A common anti-pattern here is that a project grows a set of semi-checks tests that exists, but are not 100% reliable, and thus are not exercised by the CI routinely. And that creates ambiguity are tests failing due to a regression which should be fixed, or were they never reliable, and just test a property that isnt actually essential for functioning of the project? This fuzziness compounds over time. If a check isnt reliable enough to be part of NRSR CI gate, it isnt actually a check you care about, and should be removed.

But to do NRSR, you need to build & CI your code first:

Build & CI

This is a complex topic. Lets start with the basics: what is a build system? I would love to highlight a couple of slightly unconventional answers here.

First, a build system is a bootstrap process: it is how you get from git clone to a working binary. The two aspects of this boostrapping process are important:

  • It should be simple. No sudo apt-get install bazzilion packages, the single binary of your build system should be able to bring everything else thats needed, automatically.
  • It should be repeatable. Your laptop and your CI should end up with exactly identical set of dependencies. The end result should be a function of commit hash, and not your local shell history, otherwise NRSR doesnt work.

Second, a build system is developer UI. To do almost anything, you need to type some sort of build system invocation into your shell.

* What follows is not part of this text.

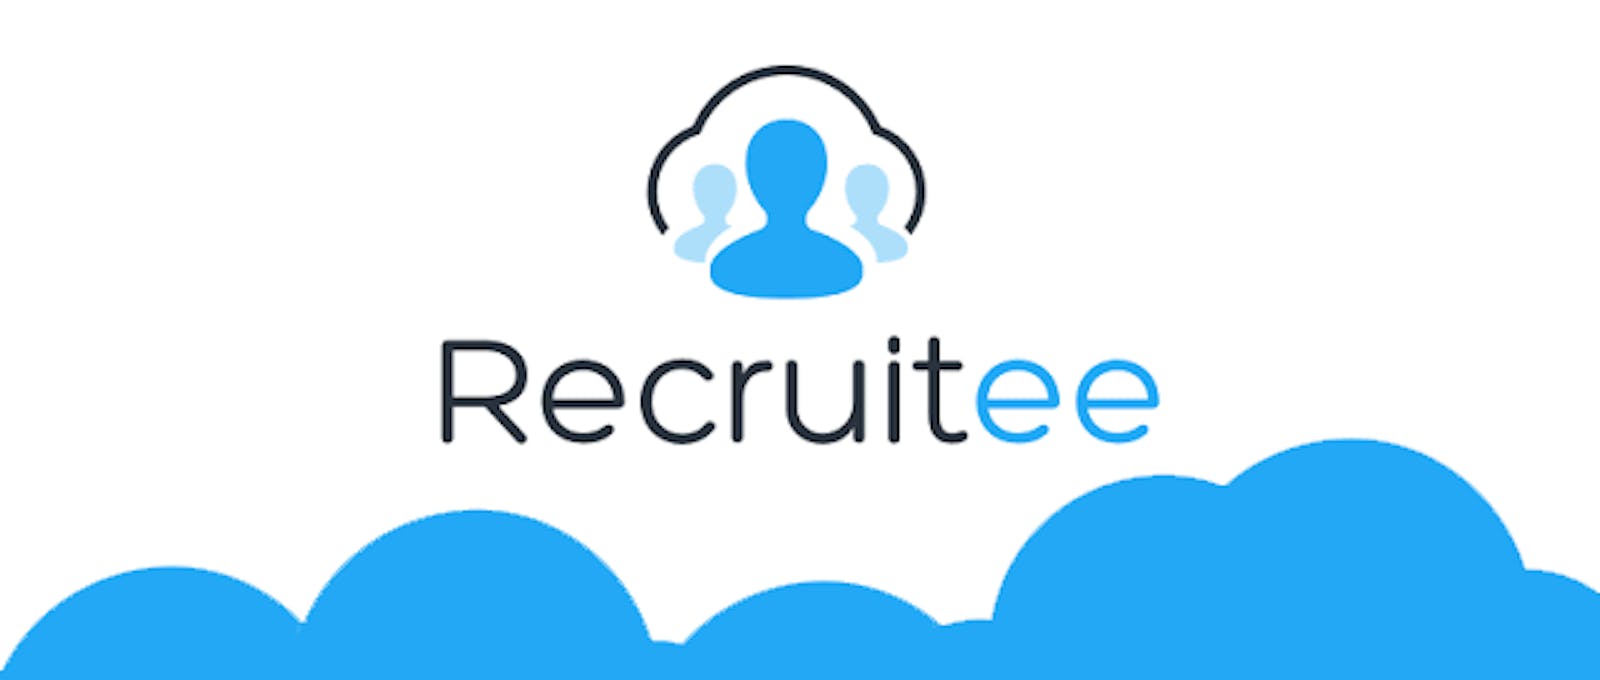 Recruitee: Post A New Job Automatically

There should be a single, clearly documented command for building and testing the project. If it is not a single makebelieve test, somethings wrong.

One anti-pattern here is when the build system spills over to CI. When, to figure out what the set of checks even is, you need to read .github/workflows/*.yml to compile a list of commands. Thats accidental complexity! Sprawling yamls are a bad entry point. Put all the logic into the build system and let the CI drive that, and not vice verse.

There is a stronger version of the advice. No matter the size of the project, theres probably only a handful of workflows that make sense for it: testing, running, releasing, etc. This small set of workflows should be nailed from the start, and specific commands should be documented. When the project subsequently grows in volumes, this set of build-system entry points should not grow.

If you add a Frobnicator, makebelieve test invocation should test that Frobnicator works. If instead you need a dedicated makebelieve test-frobnicator and the corresponding line in some CI yaml, you are on a perilous path.

Finally, a build system is a collection of commands to make stuff happen. In larger projects, youll inevitably need some non-trivial amount of glue automation. Even if the entry point is just makebelive release, internally that might require any number of different tools to build, sign, tag, upload, validate, and generate a changelog for a new release.

A common anti-pattern is to write these sorts of automations in bash and Python, but thats almost pure technical debt. These ecosystems are extremely finnicky in and off themselves, and, crucially (unless your project itself is written in bash or Python), they are a second ecosystem to what you already have in your project for normal code.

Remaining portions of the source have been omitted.